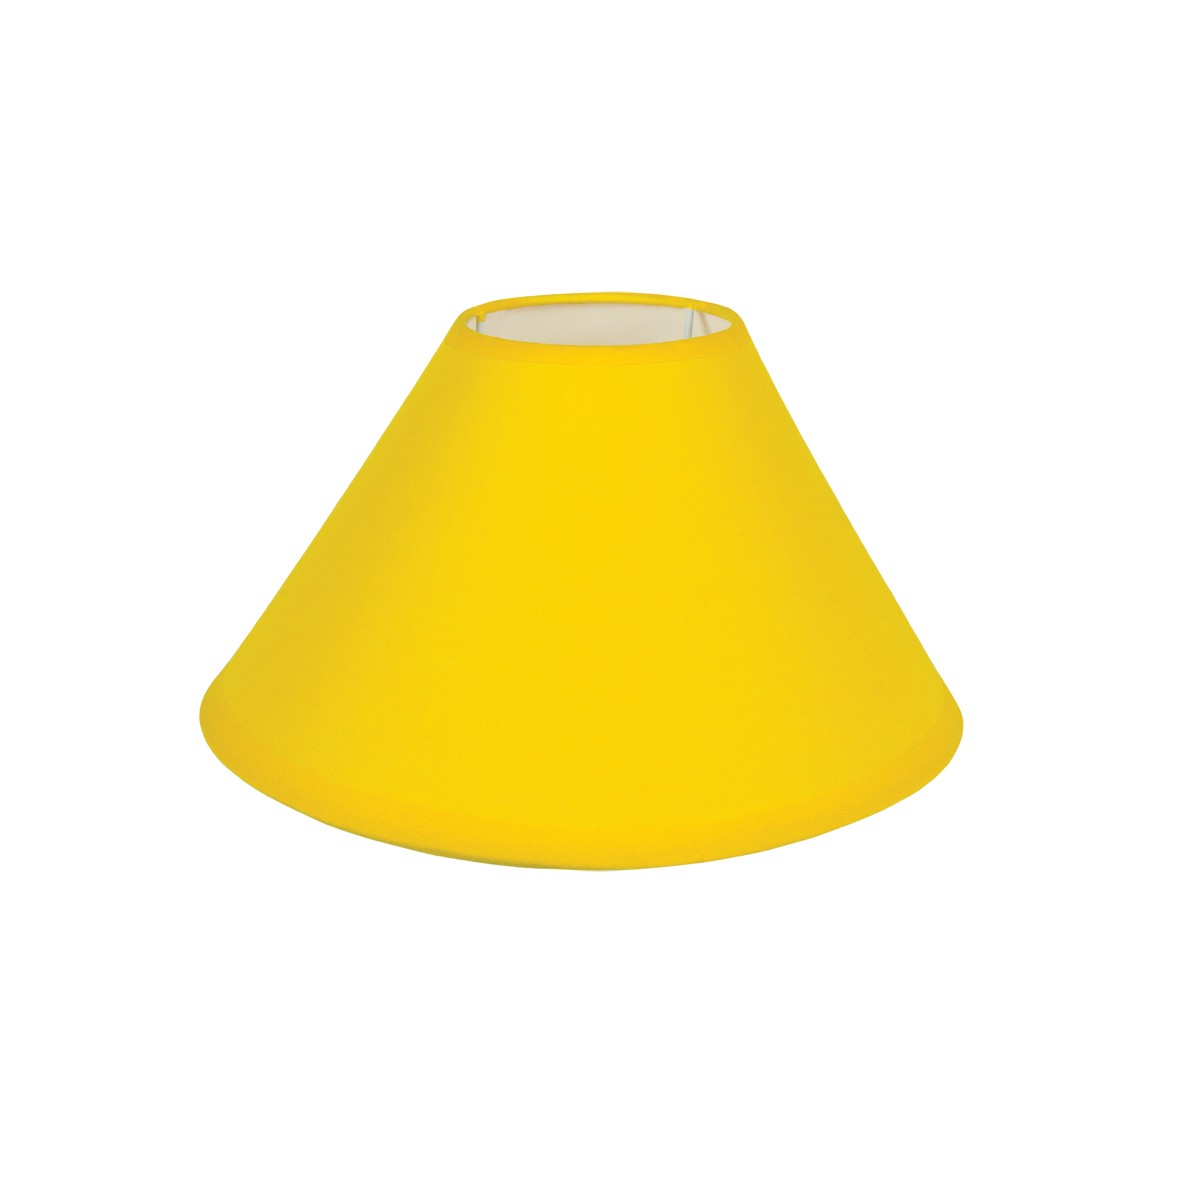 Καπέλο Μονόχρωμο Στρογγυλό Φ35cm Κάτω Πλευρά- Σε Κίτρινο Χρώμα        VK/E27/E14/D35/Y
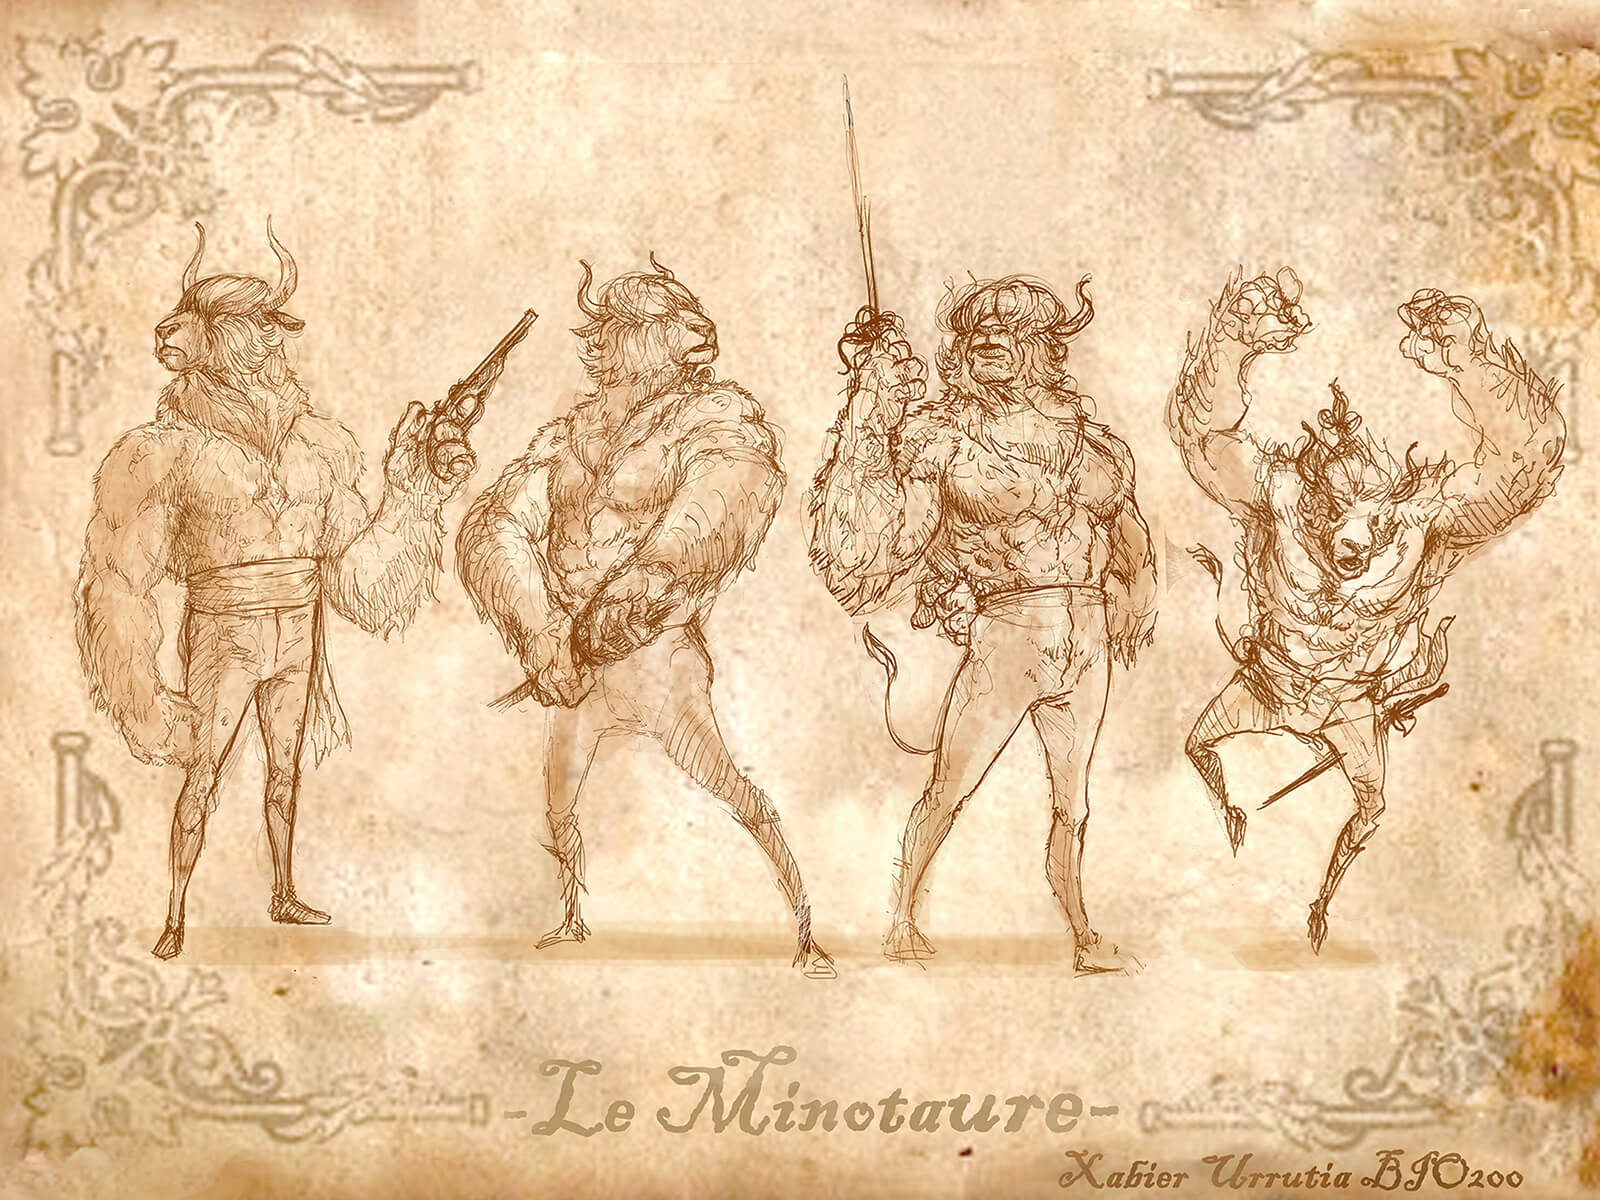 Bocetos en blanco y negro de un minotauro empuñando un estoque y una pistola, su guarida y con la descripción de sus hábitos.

........

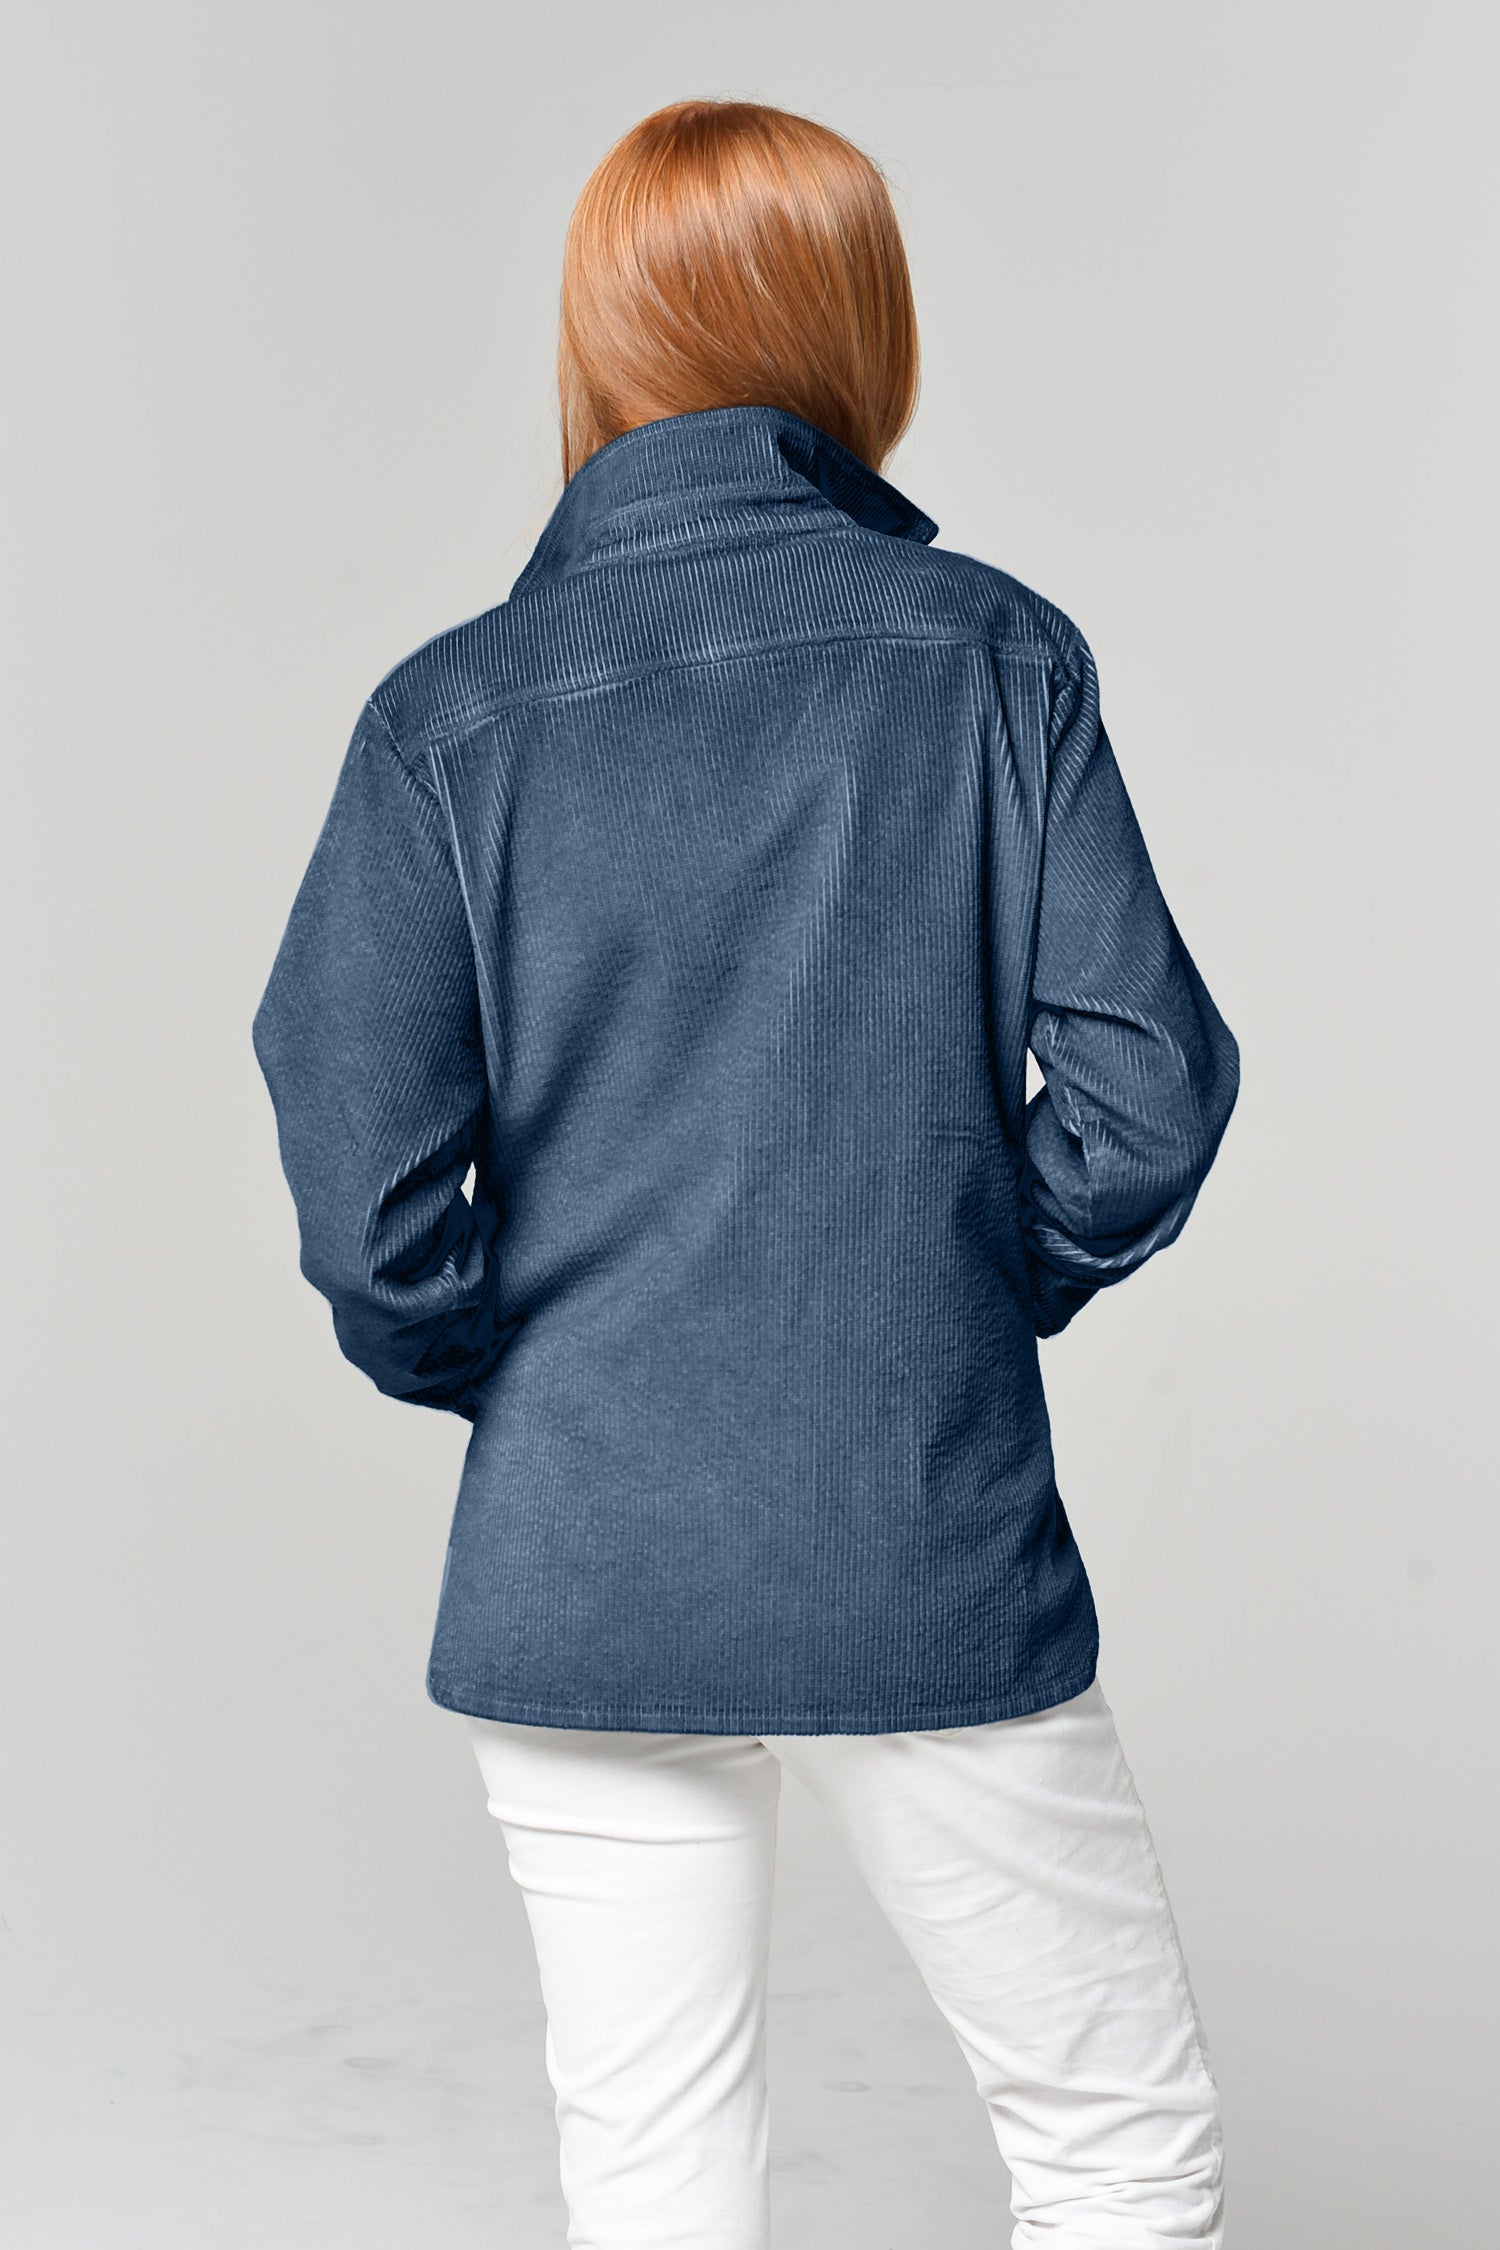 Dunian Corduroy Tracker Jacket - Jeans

........

# Task to complete:
Keep to the stretch from the line containing "Καπέλο Μονόχρωμο Στρογγυλό" through the line containing "Bocetos en blanco", both ends included, and copy it exactly from the listing above, minus the pictures.

# Result:
 Καπέλο Μονόχρωμο Στρογγυλό Φ35cm Κάτω Πλευρά- Σε Κίτρινο Χρώμα        VK/E27/E14/D35/Y
 Bocetos en blanco y negro de un minotauro empuñando un estoque y una pistola, su guarida y con la descripción de sus hábitos.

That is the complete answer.